I tried to make the example somewhat reproducible. This is my example in R:
> set.seed(20210211)
> df <- data.frame(y = runif(50), x = runif(50))
> df$d <- df$x > 0.5
>
> (tmp <- tempfile("data", fileext = ".csv"))
[1] "C:\\Users\\s1504gl\\AppData\\Local\\Temp\\1\\RtmpYtS6uk\\data1b2c1c4a96.csv"

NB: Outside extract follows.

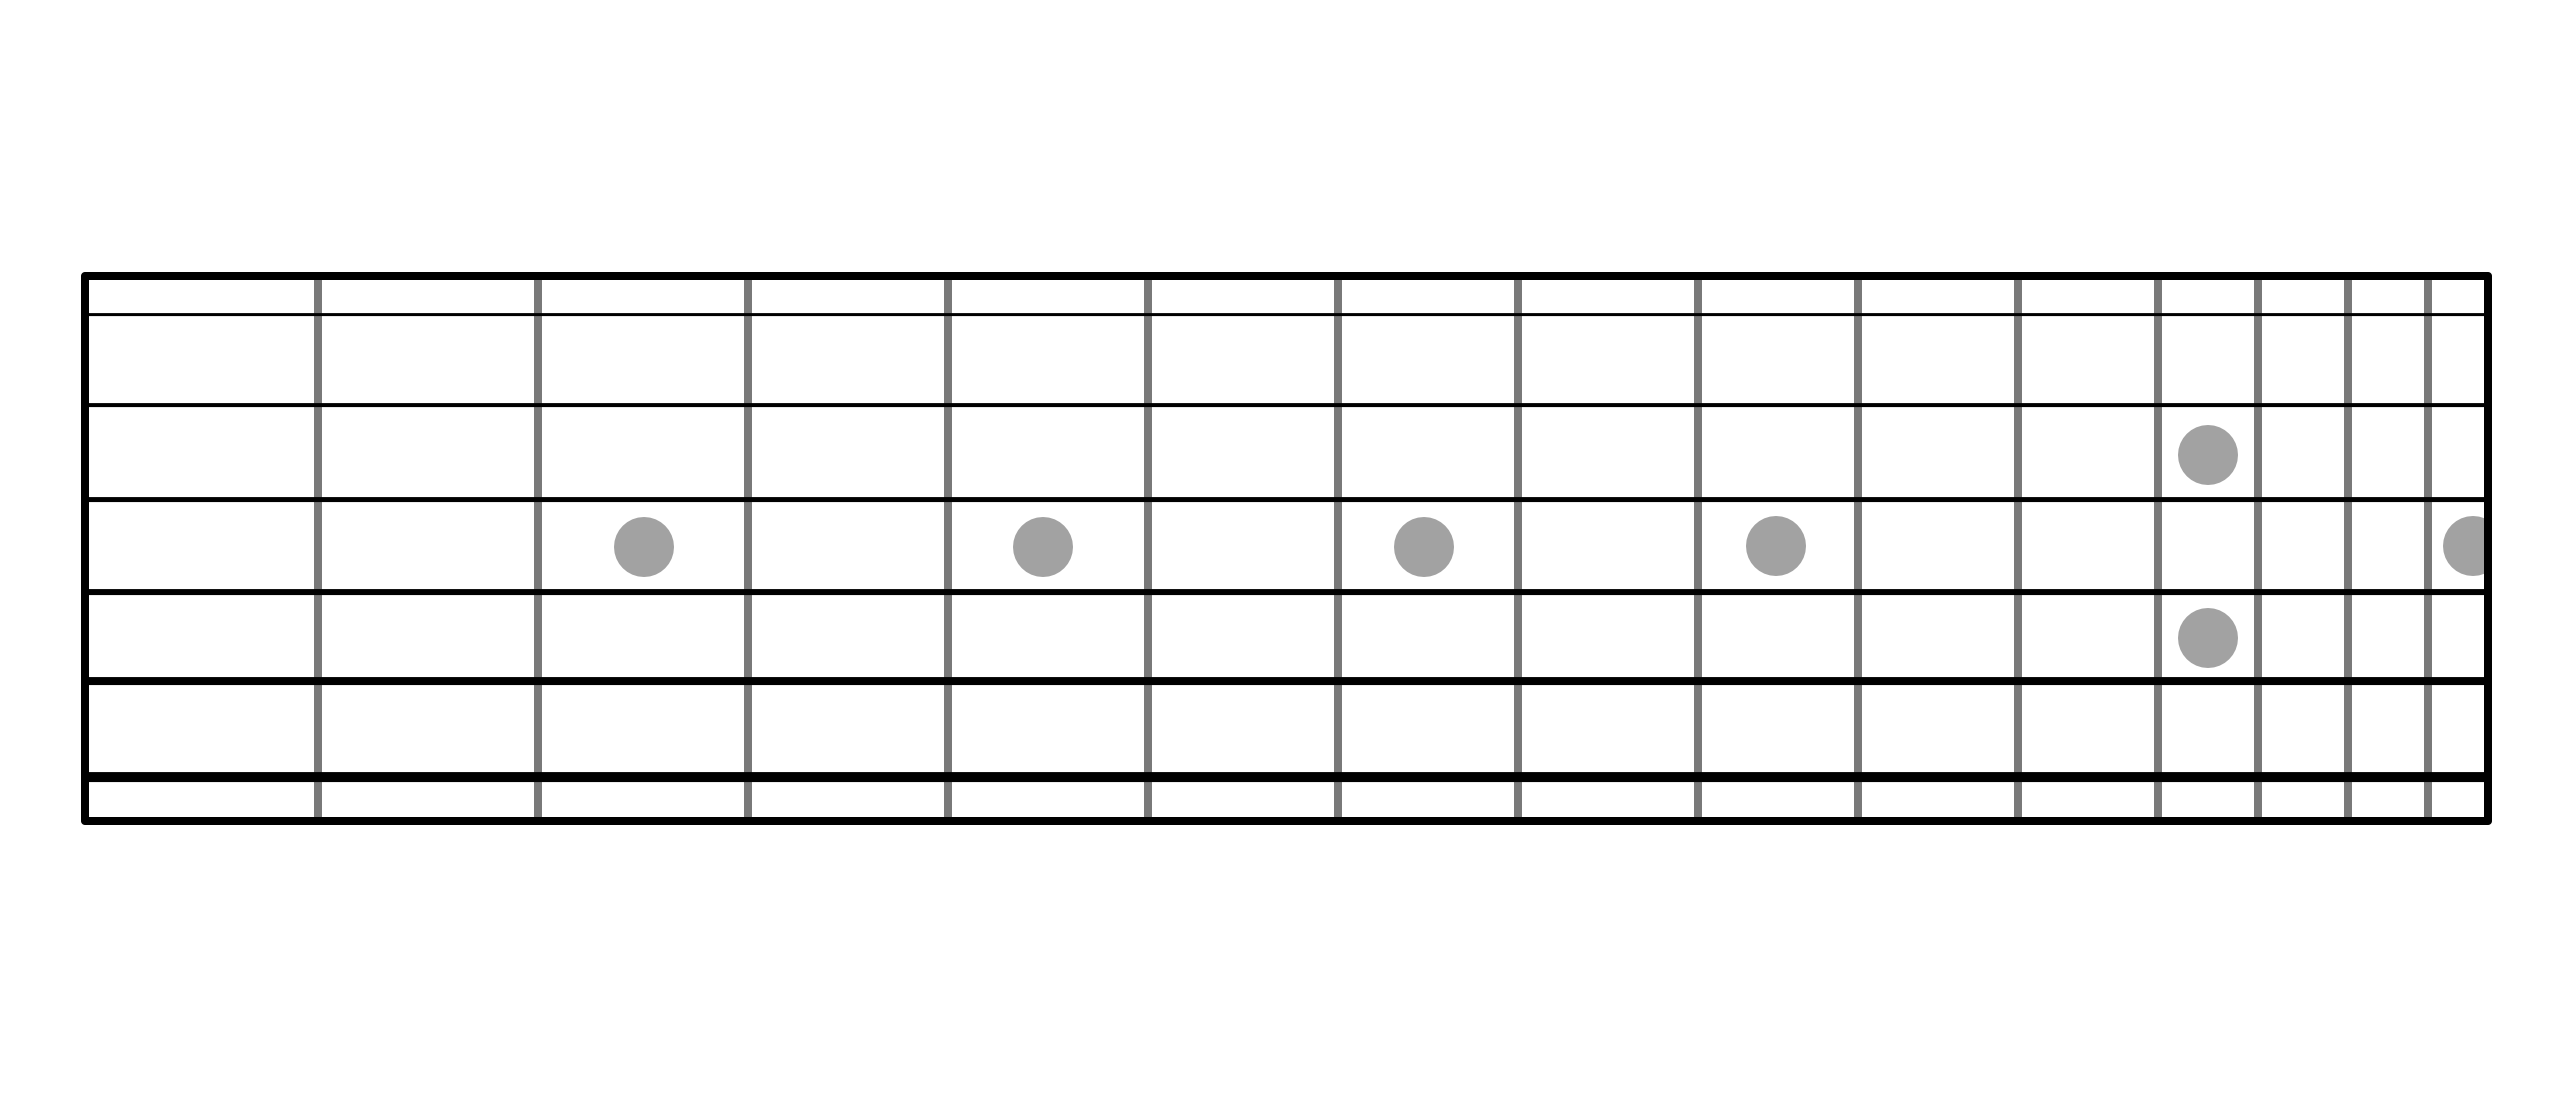 Geeky guitar fretboard diagram printable Roy Blog
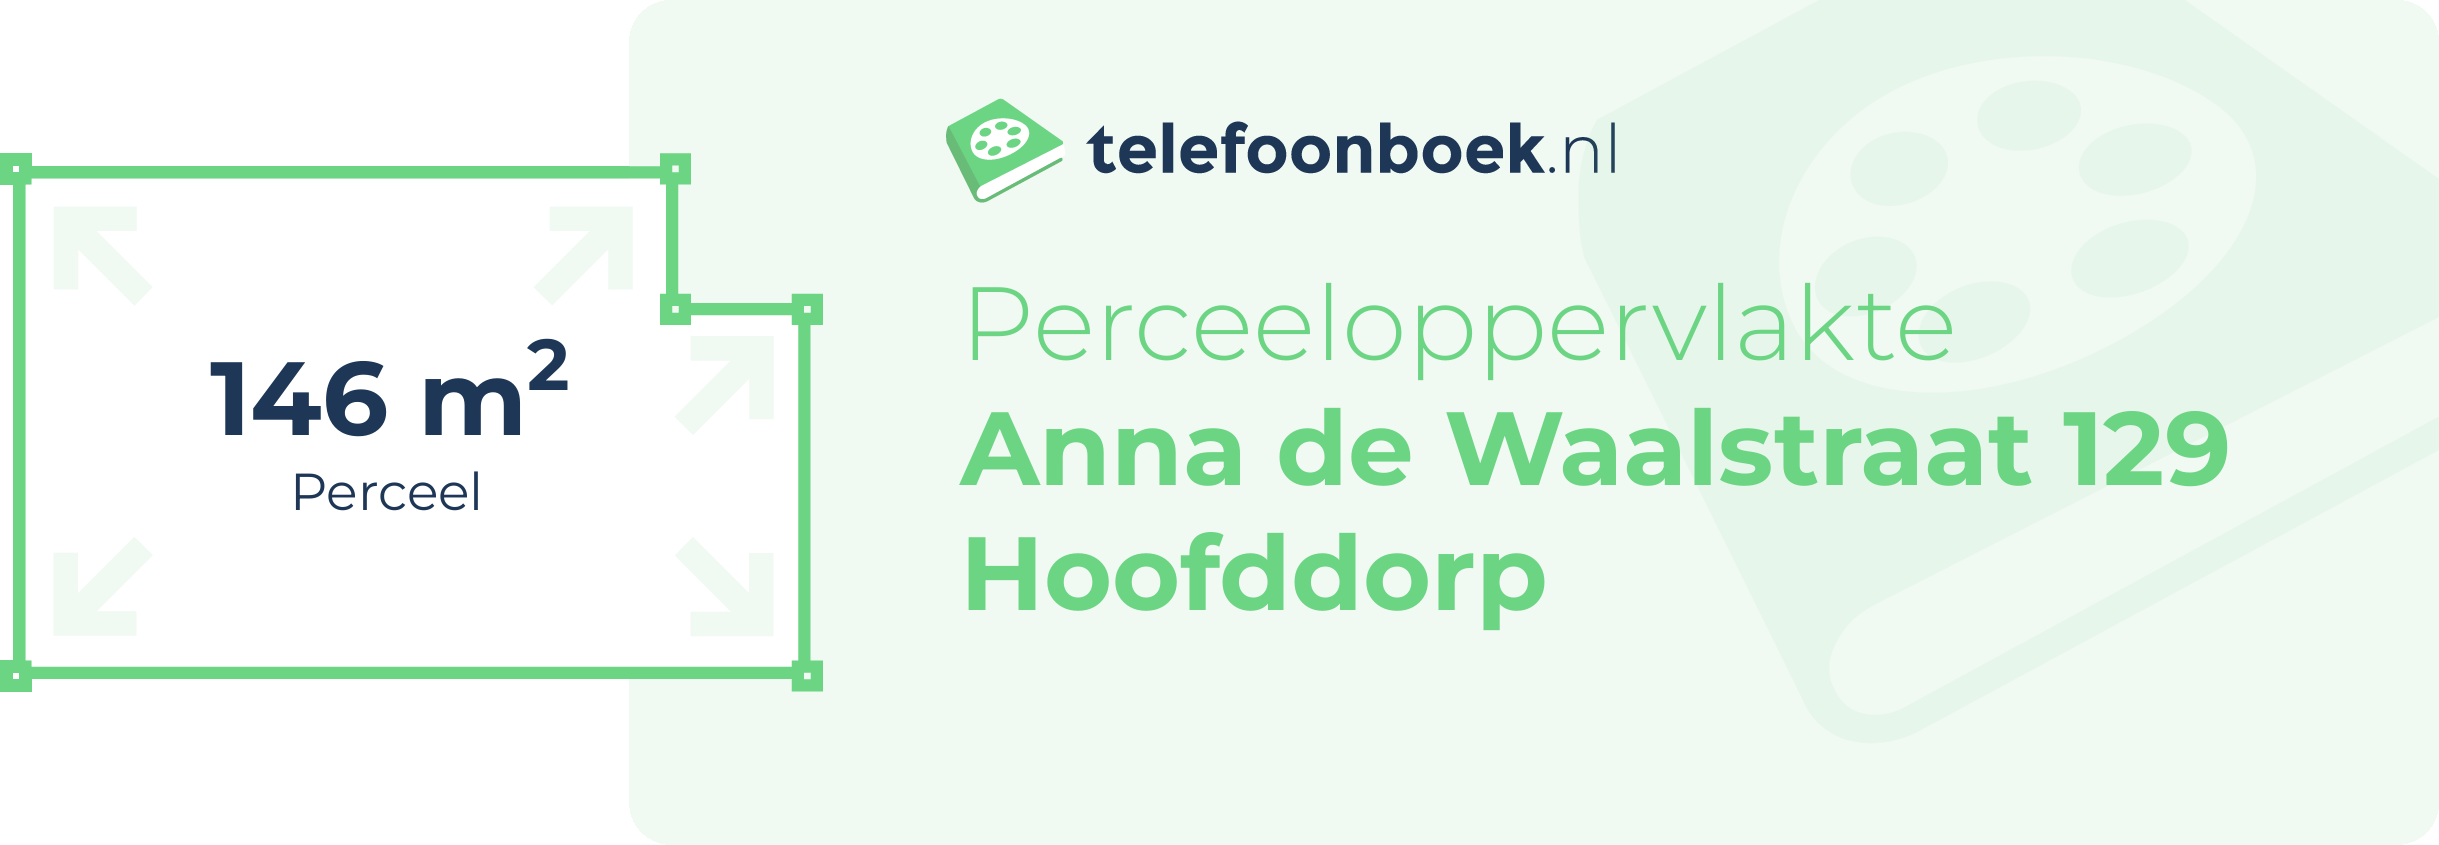 Perceeloppervlakte Anna De Waalstraat 129 Hoofddorp

> write.csv(df, tmp, row.names = FALSE)
>
> summary(lm(y ~ x + d, data = df))
Call:
lm(formula = y ~ x + d, data = df)
Residuals:
Min 1Q Median 3Q Max
-0.48651 -0.27449 0.03828 0.22119 0.53347
Coefficients:
Estimate Std. Error t value Pr(>|t|)
(Intercept) 0.4375 0.1038 4.214 0.000113 ***
x -0.1026 0.3168 -0.324 0.747521
dTRUE 0.1513 0.1787 0.847 0.401353
---
Signif. codes: 0 ‘***’ 0.001 ‘**’ 0.01 ‘*’ 0.05 ‘.’ 0.1 ‘ ’ 1
Residual standard error: 0.2997 on 47 degrees of freedom
Multiple R-squared: 0.03103, Adjusted R-squared: -0.0102
F-statistic: 0.7526 on 2 and 47 DF, p-value: 0.4767
> summary(lm(y ~ x + d + 0, data = df))
Call:
lm(formula = y ~ x + d + 0, data = df)
Residuals:
Min 1Q Median 3Q Max
-0.48651 -0.27449 0.03828 0.22119 0.53347
Coefficients:
Estimate Std. Error t value Pr(>|t|)
x -0.1026 0.3168 -0.324 0.747521
dFALSE 0.4375 0.1038 4.214 0.000113 ***
dTRUE 0.5888 0.2482 2.372 0.021813 *
---
Signif. codes: 0 ‘***’ 0.001 ‘**’ 0.01 ‘*’ 0.05 ‘.’ 0.1 ‘ ’ 1
Residual standard error: 0.2997 on 47 degrees of freedom
Multiple R-squared: 0.7196, Adjusted R-squared: 0.7017
F-statistic: 40.21 on 3 and 47 DF, p-value: 4.996e-13
And here is what I have in Stata (please note that I have copied the filename from R to Stata):
. import delimited "C:\Users\s1504gl\AppData\Local\Temp\1\RtmpYtS6uk\data1b2c1c4a96.csv"
(3 vars, 50 obs)
. encode d, generate(d_enc)
.
. regress y x i.d_enc
Source | SS df MS Number of obs = 50
-------------+---------------------------------- F(2, 47) = 0.75
Model | .135181652 2 .067590826 Prob > F = 0.4767
Residual | 4.22088995 47 .089806169 R-squared = 0.0310
-------------+---------------------------------- Adj R-squared = -0.0102
Total | 4.3560716 49 .08889942 Root MSE = .29968
------------------------------------------------------------------------------
y | Coef. Std. Err. t P>|t| [95% Conf. Interval]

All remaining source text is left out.